Guest post by Benoit Schipper
I have been working with multiple Kubernetes-like distributions for the past few years. Adopting Kubernetes brings many benefits, but also many challenges. Traditionally we have hosted web servers or proxies, such as NGINX, on physical servers. Even if these servers were virtualized, they were still servers that we rarely modified after initial setup. The server was running a stable OS, receiving occasional updates, and happily doing its thing. The fact that the server didn’t change meant that it was relatively easy to monitor it and the applications running on it.
In Kubernetes, servers change all the time. Pods and nodes move and the containers running servers move with them. Microservices and micro-front ends make the monitoring environment even more dynamic. In many cases, we’re monitoring not just a server but a service, not just an application but compound applications that are composed of many small front ends.
My experience is that it’s difficult to monitor NGINX Open Source and applications running on NGINX web servers and proxies in a Kubernetes environment. This post describes the simple solution I developed: I create a key-value pair that allows us to match metrics to time-series data, export that information into a Prometheus monitoring database, and display the information in Grafana dashboards.
The Challenge
Working as a Site Reliability Engineer (SRE) and DevOps expert at HCS Company in the Netherlands, I have built and monitored infrastructure for many large corporations, nationally and internationally. When working with one of our customers’ DevOps teams, I became annoyed that I couldn’t easily gather the metrics needed to monitor front ends. We had been successfully scraping metrics using Prometheus on OpenShift from back-end applications and wanted to do the same for our micro-front-end applications.
A quick explanation – with a micro-front end, instead of hosting our complete front end on one web server, we split it up logically into parts that can be spread across multiple pods (deployments) within OpenShift. This adds some complexity but also the following benefits:
- Compartmentalization and reduced blast radius – If any of the deployments or pods that make up our front end fail, only that part of the front end goes down. The rest keeps running.
- Simpler troubleshooting and safer deployment – Using micro-front ends also means that any changes made to the front end are deployed within a smaller context relative to the overall front-end codebase. This makes it easier to troubleshoot issues and safer to deploy to production.
(Note: For more about micro front ends, I recommend this post by Michael Geers.)

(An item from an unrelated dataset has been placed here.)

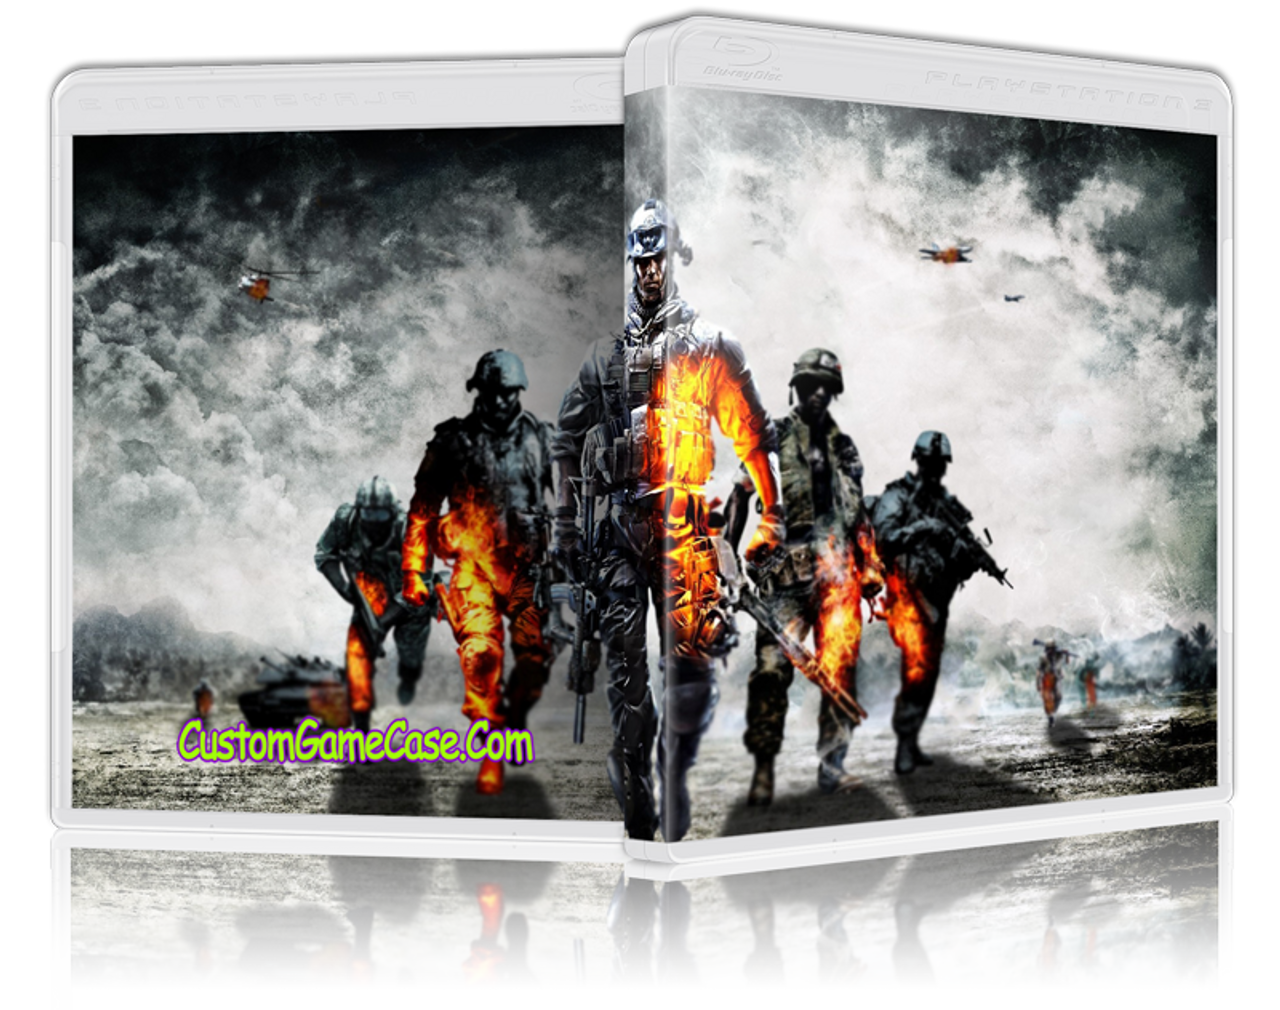 Battlefield 4 (Sony PlayStation 3/PS3)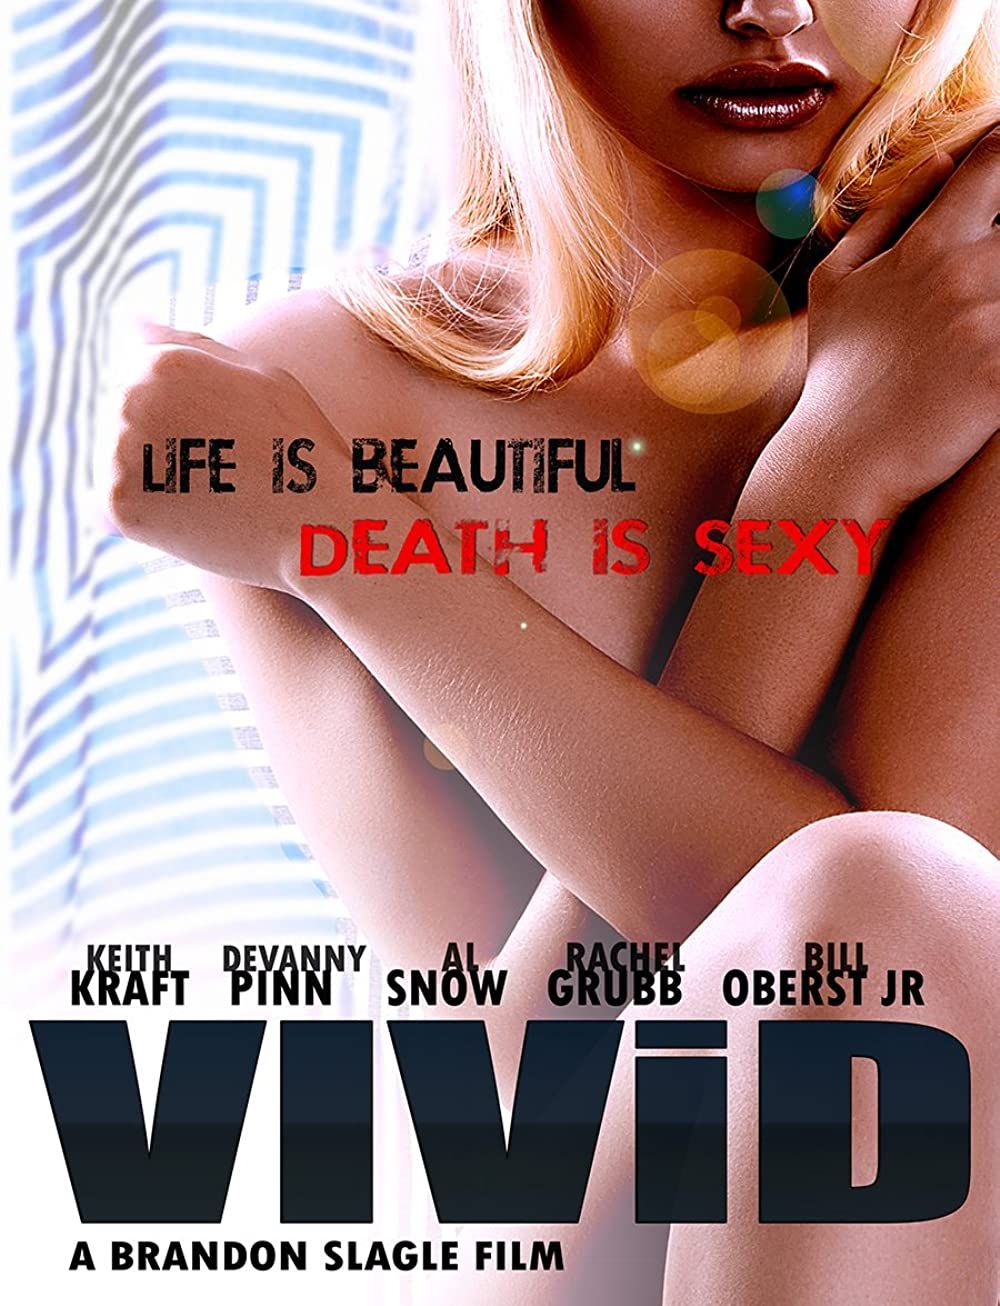 [18+] VIViD (2011) UNCUT Hindi Dubbed HDRip download full movie

So what was the problem? The NGINX Stub Status module exposes metrics at a HTTP endpoint, /stub_status by convention. Unfortunately, the metrics are not in the key-value format that Prometheus requires to scrape and store the information:
The Solution
So I had to find a way to reformat the metrics. Whenever I encounter such a problem, I always think to myself, “someone else must have encountered this problem before!” And indeed someone had – I found the nginx-prometheus-exporter project at NGINX’s GitHub repo.
NGINX Prometheus Exporter runs in a sidecar container within the same pod as the NGINX container that was hosting part of our micro-front end. After reading the documentation I exposed the /stub_status endpoint in my NGINX configuration. I then spun up a deployment that initialized our micro-front end pod, containing the nginx-prometheus-exporter container. Here’s the relevant part of the YAML-formatted deployment template:
As shown in the screenshot, the only thing I had to pass along was the nginx.scrape-uri=http://localhost:8080/stub_status argument to args, which tells NGINX Prometheus Exporter to scrape the /stub_status endpoint. Once the pod was healthy, I was happy to see that NGINX Prometheus Exporter found the /stub_status endpoint and extracted a healthy list of key-value pairs. Then I used Prometheus to scrape the /metrics endpoint exposed by NGINX Prometheus Exporter on port 9113. A quick curl command within the pod showed me the following metrics: “curl -s localhost:9113/metrics | grep ^nginx”. Happy days!
$ curl -s localhost:9113/metrics | grep ^nginx
nginx_connections_accepted 11
nginx_connections_active 1
nginx_connections_handled 11
nginx_connections_reading 0
nginx_connections_waiting 2
nginx_connections_writing 1
nginx_http_requests_total 9001
nginx_up 1
Now, you might think “job done!” But I was concerned that both the /stub_status and /metrics endpoints were exposed and reachable by anyone who knew about them. I wanted only authorized people to see the metrics, because they can be used for malicious purposes and should be kept within the organization in general. The /metrics endpoint needed to be available from within the OpenShift cluster so I could use ServiceMonitor objects to define the endpoints where Prometheus can scrape metrics.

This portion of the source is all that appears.